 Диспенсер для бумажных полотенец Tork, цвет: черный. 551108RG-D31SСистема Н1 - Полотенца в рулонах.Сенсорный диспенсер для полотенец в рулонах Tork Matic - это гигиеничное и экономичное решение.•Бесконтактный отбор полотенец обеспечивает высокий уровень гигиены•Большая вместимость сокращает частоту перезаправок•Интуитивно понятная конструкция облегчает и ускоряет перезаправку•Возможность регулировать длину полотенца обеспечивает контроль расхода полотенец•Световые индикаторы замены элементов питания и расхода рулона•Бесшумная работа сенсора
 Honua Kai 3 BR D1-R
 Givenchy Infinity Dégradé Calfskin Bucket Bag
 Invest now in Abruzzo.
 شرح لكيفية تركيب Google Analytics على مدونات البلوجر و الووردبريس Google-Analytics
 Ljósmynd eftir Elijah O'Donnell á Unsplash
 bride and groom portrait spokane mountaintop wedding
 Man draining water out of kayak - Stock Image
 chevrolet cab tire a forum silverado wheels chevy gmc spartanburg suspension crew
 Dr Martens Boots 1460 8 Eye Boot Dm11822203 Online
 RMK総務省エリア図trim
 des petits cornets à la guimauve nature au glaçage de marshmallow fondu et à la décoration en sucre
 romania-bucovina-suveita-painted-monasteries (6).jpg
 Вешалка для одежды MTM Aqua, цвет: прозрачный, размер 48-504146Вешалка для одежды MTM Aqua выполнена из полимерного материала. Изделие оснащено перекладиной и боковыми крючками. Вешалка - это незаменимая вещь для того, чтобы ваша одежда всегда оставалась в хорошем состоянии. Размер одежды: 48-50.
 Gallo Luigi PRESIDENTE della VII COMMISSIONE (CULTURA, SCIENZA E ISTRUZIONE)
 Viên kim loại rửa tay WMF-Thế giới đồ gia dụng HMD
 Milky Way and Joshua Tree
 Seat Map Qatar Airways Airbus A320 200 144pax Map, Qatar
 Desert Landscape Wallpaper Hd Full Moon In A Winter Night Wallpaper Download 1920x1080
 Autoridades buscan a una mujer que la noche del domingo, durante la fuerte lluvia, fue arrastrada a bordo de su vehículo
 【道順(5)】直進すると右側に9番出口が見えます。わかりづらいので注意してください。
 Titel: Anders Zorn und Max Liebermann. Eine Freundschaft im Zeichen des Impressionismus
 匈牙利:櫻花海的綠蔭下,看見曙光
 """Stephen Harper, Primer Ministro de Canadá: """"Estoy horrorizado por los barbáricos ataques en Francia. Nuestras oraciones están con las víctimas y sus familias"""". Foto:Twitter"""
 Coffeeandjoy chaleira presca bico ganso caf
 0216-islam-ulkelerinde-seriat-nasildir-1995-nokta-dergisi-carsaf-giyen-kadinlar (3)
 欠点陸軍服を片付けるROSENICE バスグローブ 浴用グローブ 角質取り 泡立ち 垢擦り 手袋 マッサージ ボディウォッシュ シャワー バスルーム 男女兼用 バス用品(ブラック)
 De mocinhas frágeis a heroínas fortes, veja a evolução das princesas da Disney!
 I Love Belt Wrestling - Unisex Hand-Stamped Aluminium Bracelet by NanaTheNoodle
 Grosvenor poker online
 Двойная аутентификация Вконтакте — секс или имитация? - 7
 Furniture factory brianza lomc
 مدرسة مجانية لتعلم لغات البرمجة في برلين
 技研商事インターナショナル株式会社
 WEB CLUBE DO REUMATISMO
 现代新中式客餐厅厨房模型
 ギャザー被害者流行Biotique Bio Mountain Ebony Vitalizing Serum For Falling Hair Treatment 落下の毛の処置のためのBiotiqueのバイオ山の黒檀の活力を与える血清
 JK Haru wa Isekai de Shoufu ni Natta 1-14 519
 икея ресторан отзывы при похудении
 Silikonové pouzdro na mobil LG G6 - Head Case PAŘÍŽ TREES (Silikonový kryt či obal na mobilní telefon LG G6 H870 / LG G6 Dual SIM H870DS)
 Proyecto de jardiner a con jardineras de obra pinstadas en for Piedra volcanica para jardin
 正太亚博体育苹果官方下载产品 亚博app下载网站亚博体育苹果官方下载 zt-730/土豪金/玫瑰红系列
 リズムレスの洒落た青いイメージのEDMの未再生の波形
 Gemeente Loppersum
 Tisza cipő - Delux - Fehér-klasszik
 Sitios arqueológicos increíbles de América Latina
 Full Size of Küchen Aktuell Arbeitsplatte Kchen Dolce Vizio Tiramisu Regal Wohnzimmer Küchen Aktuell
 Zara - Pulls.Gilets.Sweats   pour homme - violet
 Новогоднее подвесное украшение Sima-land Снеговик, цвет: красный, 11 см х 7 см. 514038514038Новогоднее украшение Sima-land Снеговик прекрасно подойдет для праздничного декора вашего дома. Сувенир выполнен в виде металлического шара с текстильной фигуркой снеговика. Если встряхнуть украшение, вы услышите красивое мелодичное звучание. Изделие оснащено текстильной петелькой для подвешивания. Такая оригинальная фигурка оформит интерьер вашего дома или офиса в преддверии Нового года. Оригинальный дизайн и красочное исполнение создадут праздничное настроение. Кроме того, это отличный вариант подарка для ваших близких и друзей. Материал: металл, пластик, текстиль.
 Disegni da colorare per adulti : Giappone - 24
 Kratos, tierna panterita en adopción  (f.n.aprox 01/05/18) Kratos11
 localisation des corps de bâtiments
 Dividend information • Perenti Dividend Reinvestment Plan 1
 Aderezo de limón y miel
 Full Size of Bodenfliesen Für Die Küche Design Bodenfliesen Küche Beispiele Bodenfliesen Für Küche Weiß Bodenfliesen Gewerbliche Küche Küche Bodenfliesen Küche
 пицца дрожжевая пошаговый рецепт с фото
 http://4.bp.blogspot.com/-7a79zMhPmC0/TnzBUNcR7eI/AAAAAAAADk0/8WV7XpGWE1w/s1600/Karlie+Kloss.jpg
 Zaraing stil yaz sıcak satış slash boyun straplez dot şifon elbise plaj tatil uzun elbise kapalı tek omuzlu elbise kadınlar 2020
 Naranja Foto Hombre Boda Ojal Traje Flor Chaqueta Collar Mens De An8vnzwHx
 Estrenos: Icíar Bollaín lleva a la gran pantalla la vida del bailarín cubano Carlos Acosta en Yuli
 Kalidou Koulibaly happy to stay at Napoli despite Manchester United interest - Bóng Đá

Task to complete
Above are the records; copy exactly the lines from the one with "Dividend information •" through the final line.

Response to the exercise
 Dividend information • Perenti Dividend Reinvestment Plan 1
 Aderezo de limón y miel
 Full Size of Bodenfliesen Für Die Küche Design Bodenfliesen Küche Beispiele Bodenfliesen Für Küche Weiß Bodenfliesen Gewerbliche Küche Küche Bodenfliesen Küche
 пицца дрожжевая пошаговый рецепт с фото
 http://4.bp.blogspot.com/-7a79zMhPmC0/TnzBUNcR7eI/AAAAAAAADk0/8WV7XpGWE1w/s1600/Karlie+Kloss.jpg
 Zaraing stil yaz sıcak satış slash boyun straplez dot şifon elbise plaj tatil uzun elbise kapalı tek omuzlu elbise kadınlar 2020
 Naranja Foto Hombre Boda Ojal Traje Flor Chaqueta Collar Mens De An8vnzwHx
 Estrenos: Icíar Bollaín lleva a la gran pantalla la vida del bailarín cubano Carlos Acosta en Yuli
 Kalidou Koulibaly happy to stay at Napoli despite Manchester United interest - Bóng Đá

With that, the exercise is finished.